### Versions
- Unfortunately, 'version' was not stored in the metadata of each file nor in the name of the file
- 

In [1]:
import pandas as pd
import zarr
import fsspec

In [2]:
from myidentify import gsurl2tracks, tracks2version, tracks2source, dsid2source, id2jdict, jdict_ds2source
from myutilities import search_df
from mysearch import esgf_search
import myconfig

In [9]:
dfcat = pd.read_csv('https://cmip6.storage.googleapis.com/cmip6-zarr-consolidated-stores-noQC.csv', dtype='unicode')

In [4]:
def gsurl2search(gsurl):
    values = gsurl[11:-1].split('/')
    keys = myconfig.target_keys
    return dict(zip(keys,values))

In [15]:
# standard example
gsurl = 'gs://cmip6/CMIP/NCAR/CESM2/historical/r11i1p1f1/Oyr/expc/gr/'

version_cat = dfcat[dfcat.zstore == gsurl].version.values[0]
print('current version from GC catalog = ',version_cat)

tracks = gsurl2tracks(gsurl)
(version,jdict) = tracks2version(tracks)
print('latest version from handler = ', version)

asearch = gsurl2search(gsurl)
dfs = esgf_search(asearch, toFilter = False)
version_ESGF = list(set(dfs.version_id))
print('version(s) available from ESGF = ', version_ESGF)

#source_urls =tracks2source(tracks) 
#source_urls

current version from GC catalog =  20190514
current version from GC tracks =  20190514
latest version from handler =  20190514
version(s) available from ESGF =  ['v20190514']


In [13]:
#gsurl = 'gs://cmip6/CMIP/CSIRO/ACCESS-ESM1-5/historical/r1i1p1f1/3hr/uas/gn/'  # just created, but scripts say there is a newer version!!!!

gsurl = 'gs://cmip6/ScenarioMIP/HAMMOZ-Consortium/MPI-ESM-1-2-HAM/ssp370/r1i1p1f1/3hr/uas/gn/' # duplicate dataset_ids and versions 
                                                                # since two files are in both datasets and one file is only in the most recent
tracks = gsurl2tracks(gsurl)
tracking_ids = tracks.split('\n')
tracking_ids

['hdl:21.14100/d5aae306-16fe-4a2f-9706-8c41b4d20584',
 'hdl:21.14100/43133a86-783d-4d67-a73f-c512d2e27582',
 'hdl:21.14100/4fd3a7ec-d1ab-421b-963e-bcf82fcd8cdb']

In [5]:
# Now, what if we try this for another? This example has two features. The tracking_ids of the netcdf files are not unique and this is a replacement version.
gsurl = 'gs://cmip6/ScenarioMIP/NCAR/CESM2/ssp370/r4i1p1f1/Amon/ts/gn/'
tracks = gsurl2tracks(gsurl)
(version,jdict) = tracks2version(tracks)
print('version = ', version)

# But since the tracking_ids were not unique, we won't get all of the urls!!
source_urls = tracks2source(tracks) 
source_urls


netcdf file tracking_ids are NOT UNIQUE!
['hdl:21.14100/33cbdc29-fbc9-44ab-9e09-5dc7824441cf', 'hdl:21.14100/33cbdc29-fbc9-44ab-9e09-5dc7824441cf']

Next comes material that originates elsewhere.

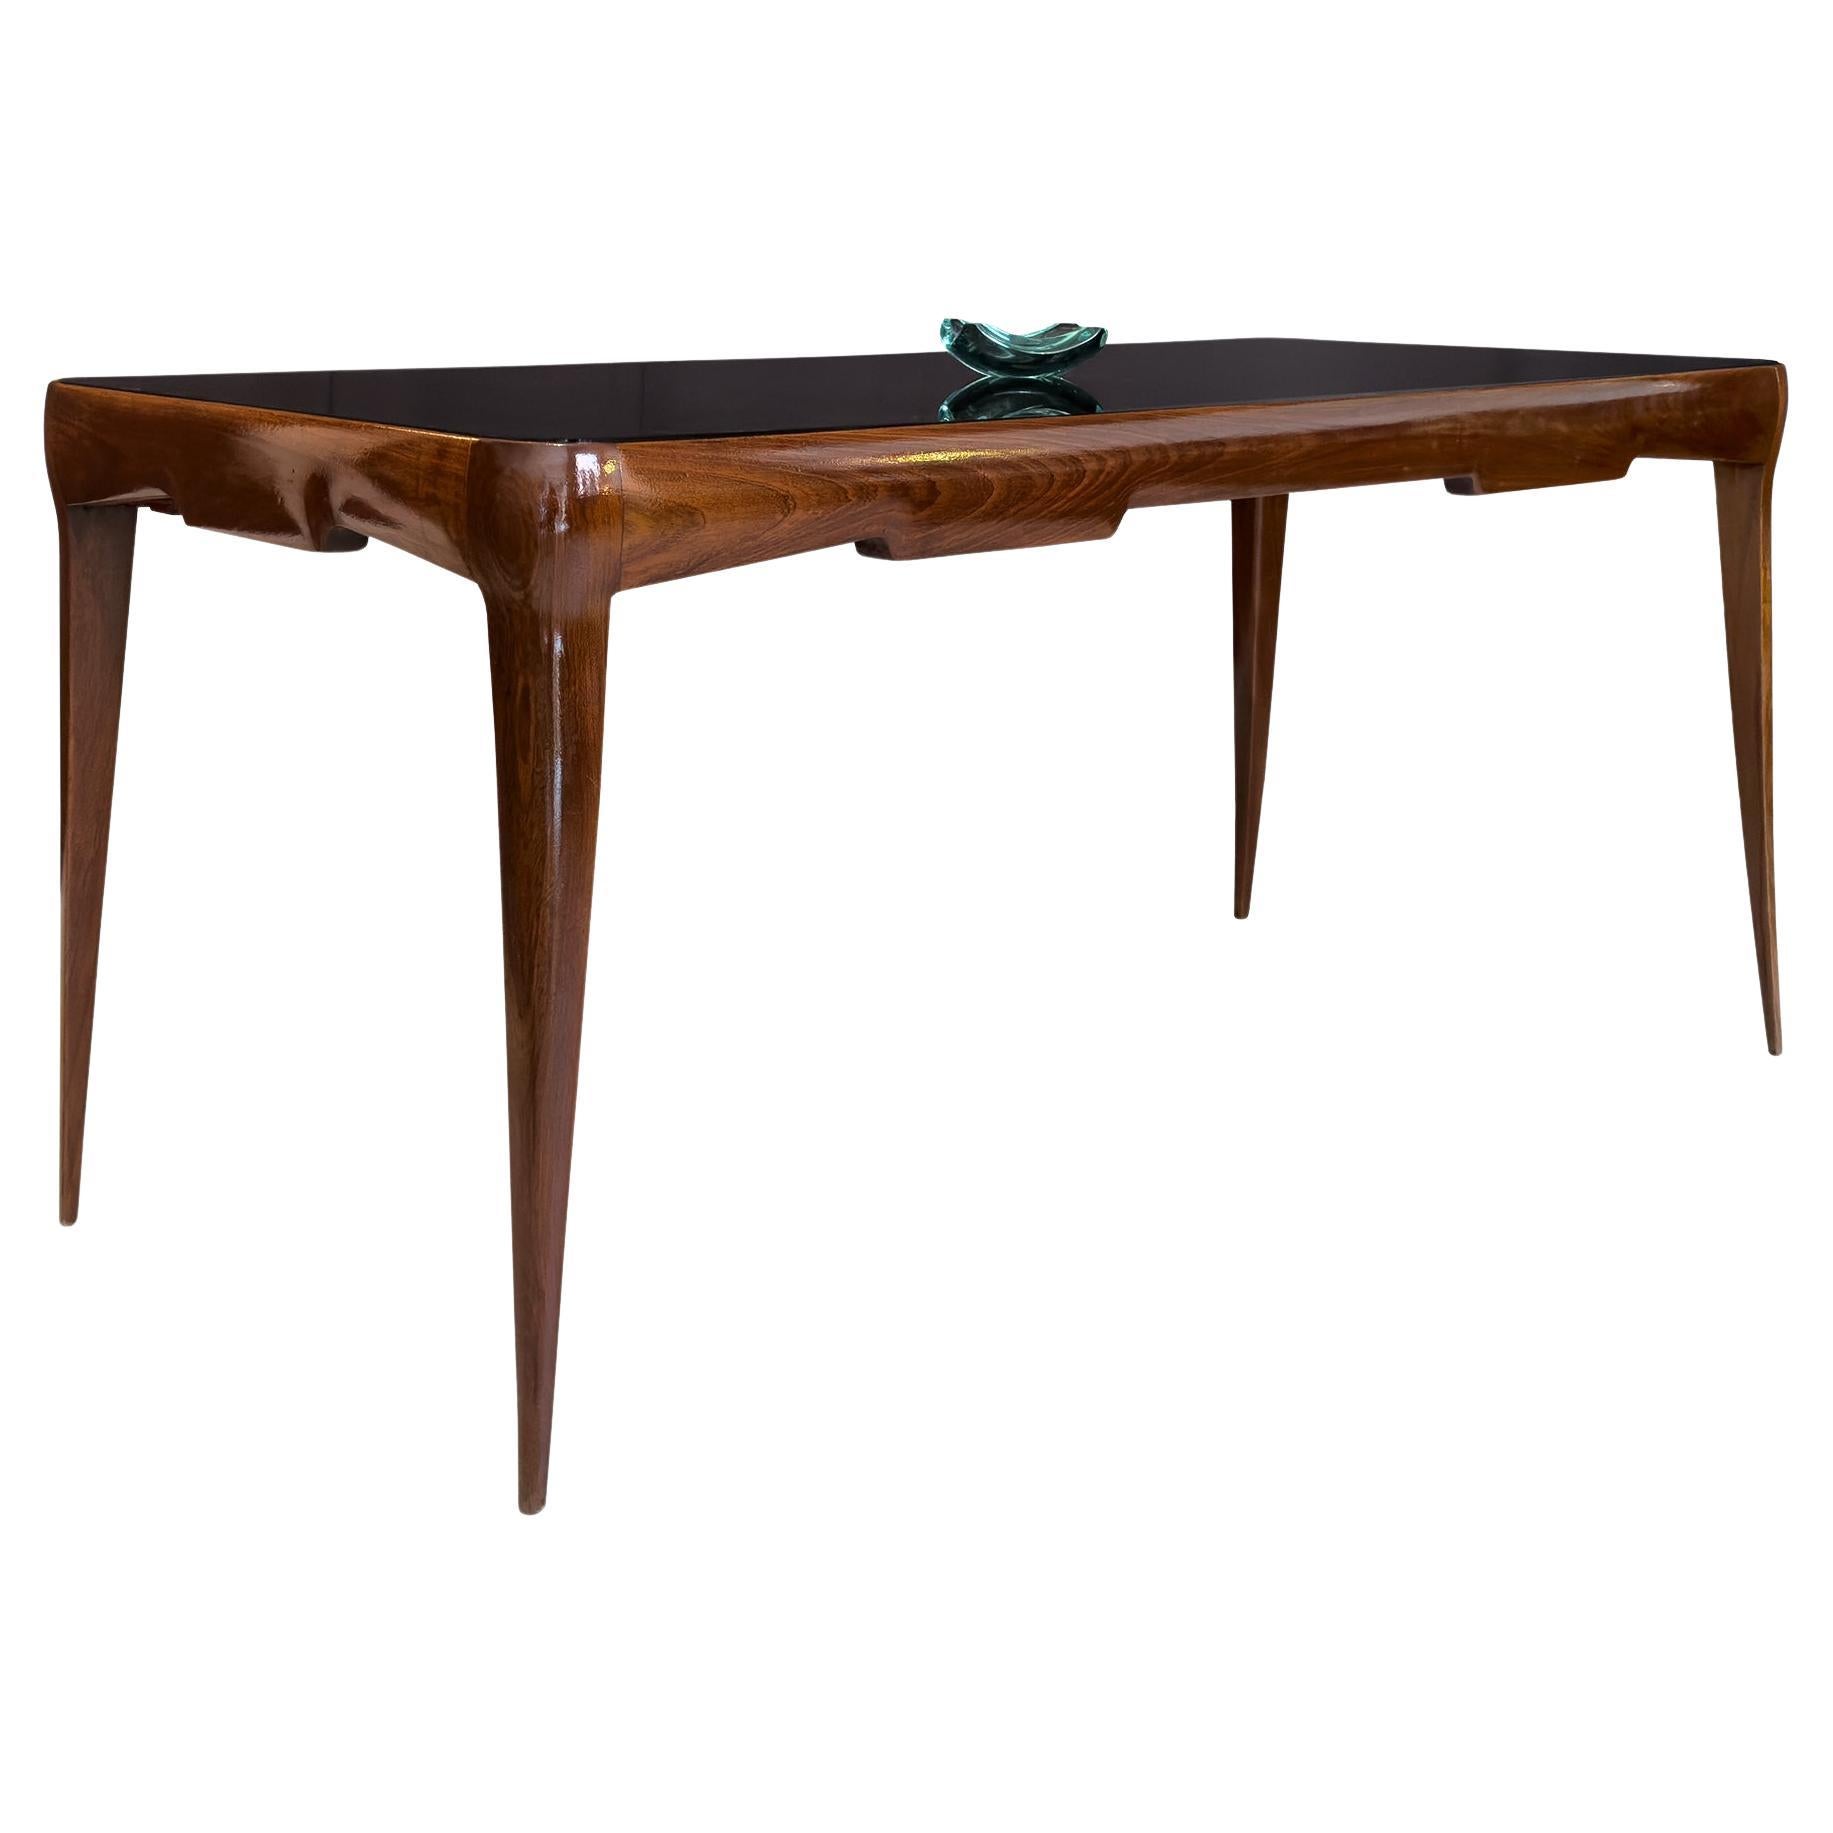 Italian Mid-Century Dining Table Gio Ponti style, 1950s For Sale
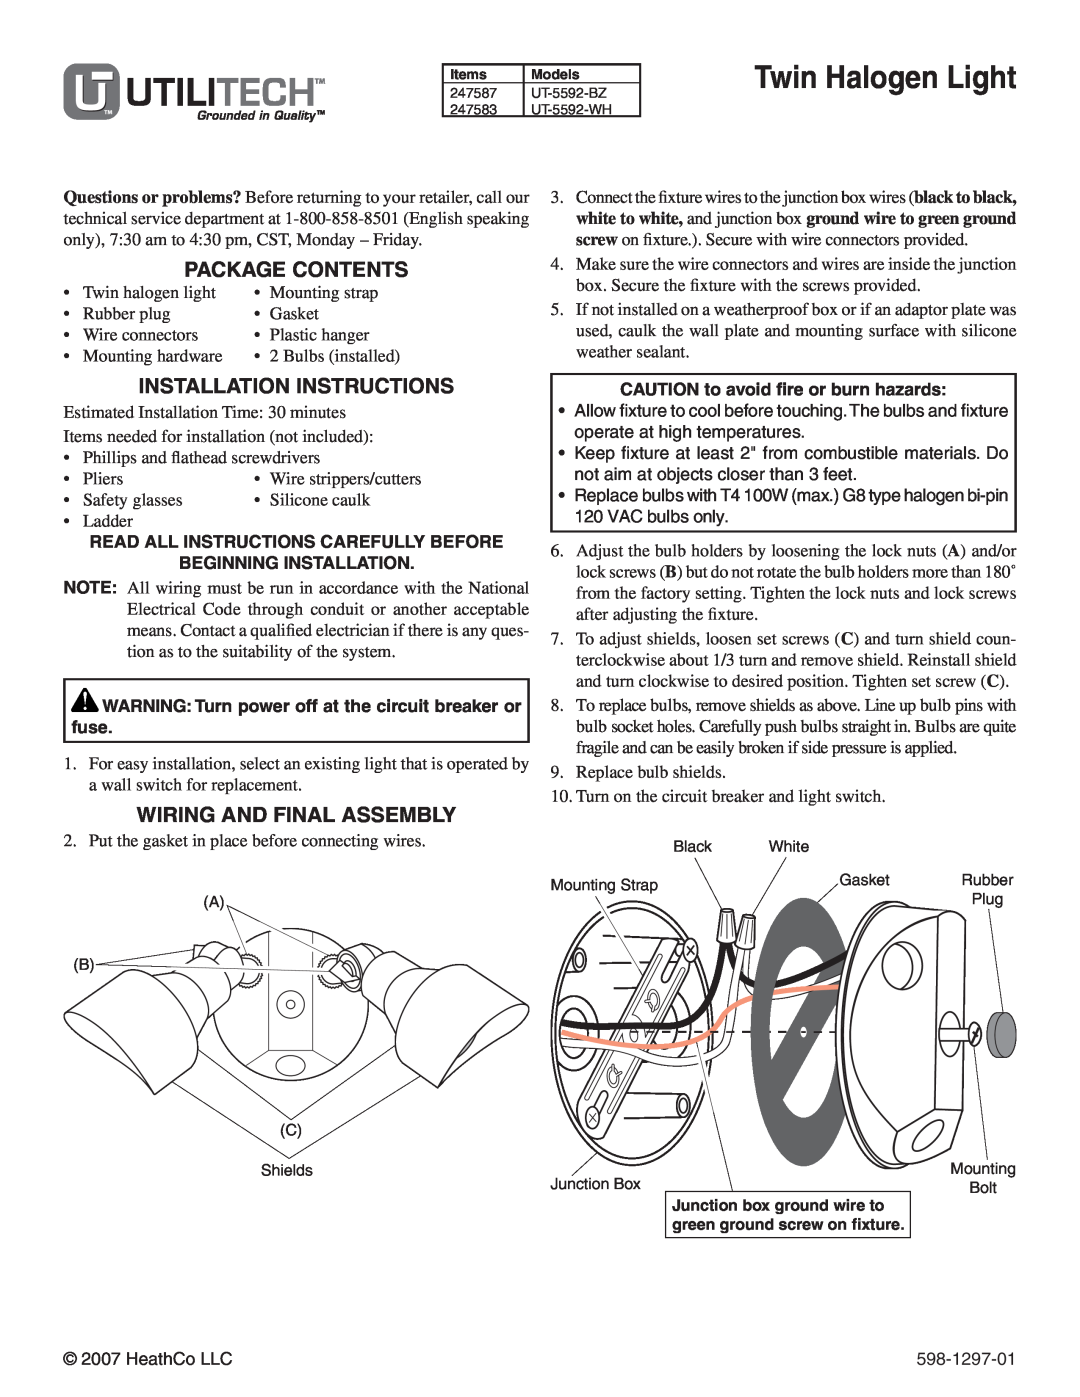 Heath Zenith UT-5592-WH installation instructions Twin Halogen Light, Package Contents, Installation Instructions

cloud version from tracks =  20200528
version =  20200528


['http://esgf-data.ucar.edu/thredds/fileServer/esg_dataroot/CMIP6/ScenarioMIP/NCAR/CESM2/ssp370/r4i1p1f1/Amon/ts/gn/v20200528/ts_Amon_CESM2_ssp370_r4i1p1f1_gn_206501-210012.nc']

In [14]:
# This example is a Dataset where there are three versions (and an ES-DOC ERRATA link from second version)
gsurl = 'gs://cmip6/CMIP/EC-Earth-Consortium/EC-Earth3/historical/r1i1p1f1/Amon/tasmin/gr/'

version_cat = dfcat[dfcat.zstore == gsurl].version.values[0]
print('current version from GC catalog = ',version_cat)

tracks = gsurl2tracks(gsurl)
(version,jdict) = tracks2version(tracks)
print('latest version from handler = ', version)

asearch = gsurl2search(gsurl)
dfs = esgf_search(asearch, toFilter = False)
version_ESGF = list(set(dfs.version_id))
print('version(s) available from ESGF = ', version_ESGF)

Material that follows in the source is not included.